= George Goad =

George Goad (died 1671) was the master of Eton College.

==Life==
Goad was a native of Windsor, Berkshire. He was the younger brother of Thomas Goad. After passing through Eton he was admitted into King's College, Cambridge, in 1620, proceeded M.A. in 1627, and returned to his old school as a master. In 1637 he was chosen senior university proctor. His college presented him in 1646 to the rectories of Horstead and Coltishall, Norfolk. On 18 October 1648 he was appointed fellow of Eton by the parliamentarians in the place of John Cleaver, who had been ejected.

He died on 10 or 16 October 1671. In his will, dated 20 August 1669, he mentions his property in Bray and Eton.
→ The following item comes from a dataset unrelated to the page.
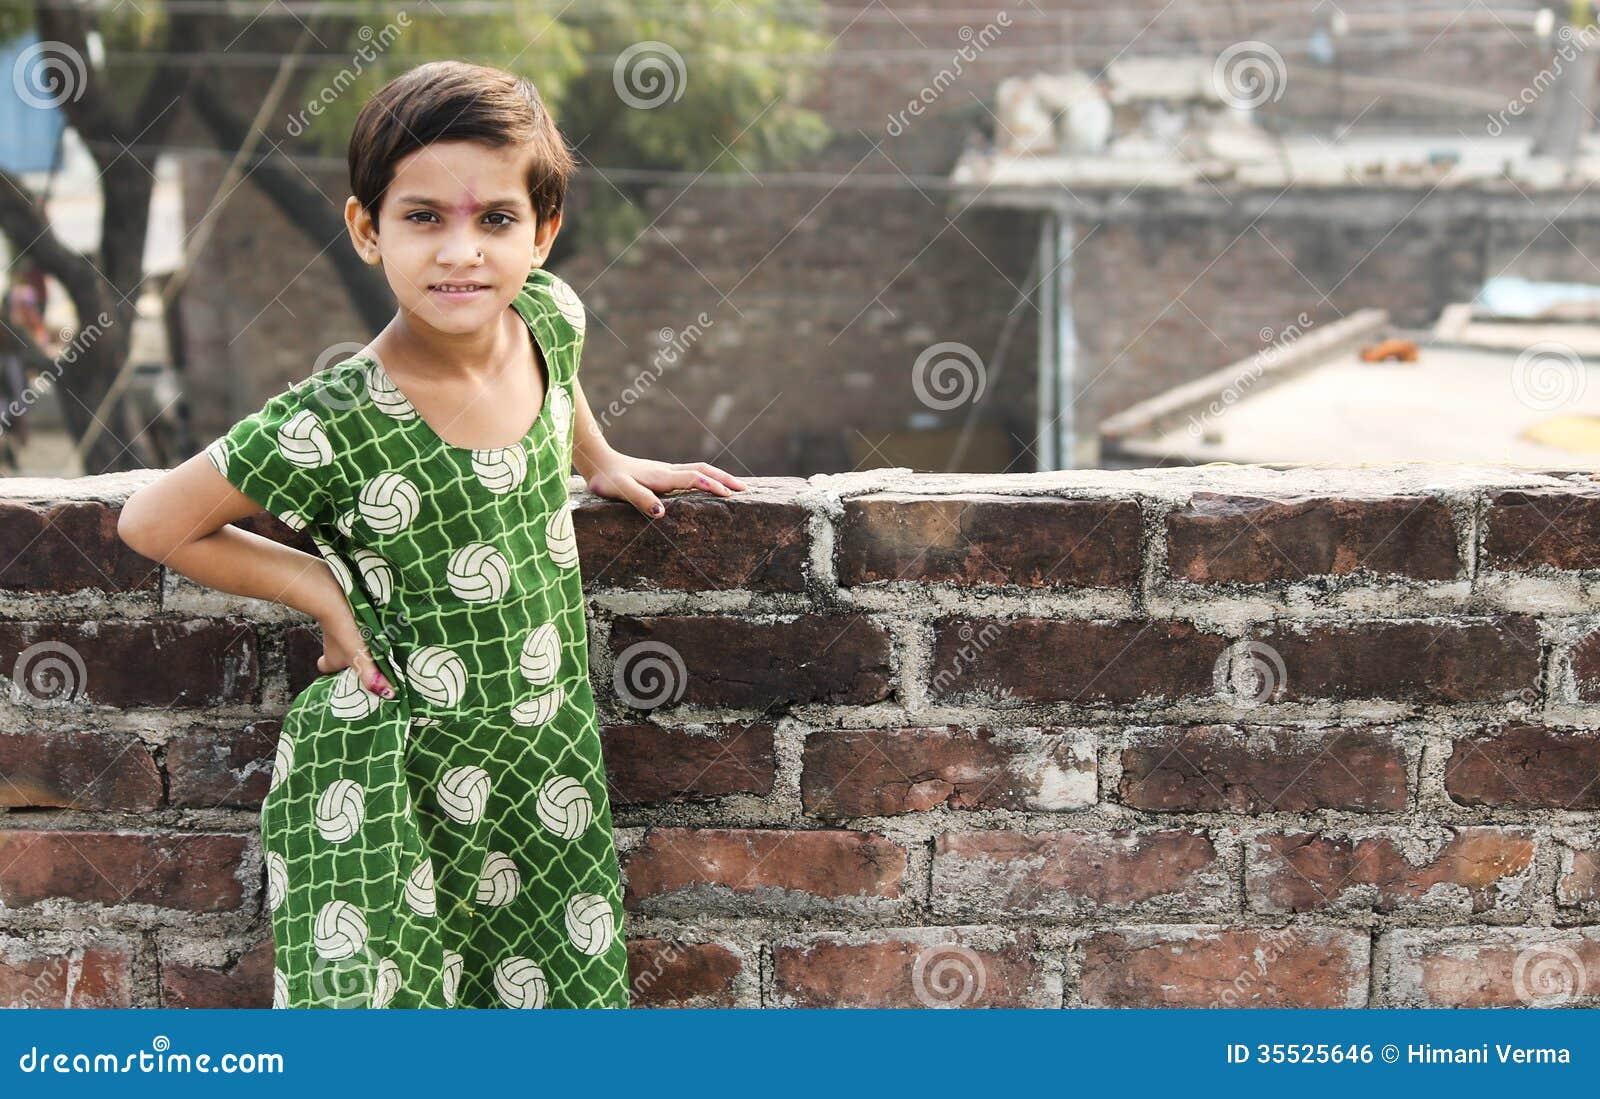 Asiatisches Kinderaktive Haltung

He left three sons, George, Thomas, and Christopher, and a daughter, Jane. His wife, Jane, had died before him in 1657, at the age of thirty-four.

==Works==
Goad continued the catalogues of the members of the foundation of Eton College from those of Thomas Hatcher and John Scott to 1646, of which Thomas Fuller and Anthony Wood made use, and which William Cole transcribed (cf. British Library Add MSS 5814-5817, 5955). He has Latin elegiacs 'in felicem Natalem illustrissimi Principis Ducis Eboracensis' at pp. 40–1 of Ducis Eboracensis Fasciæ.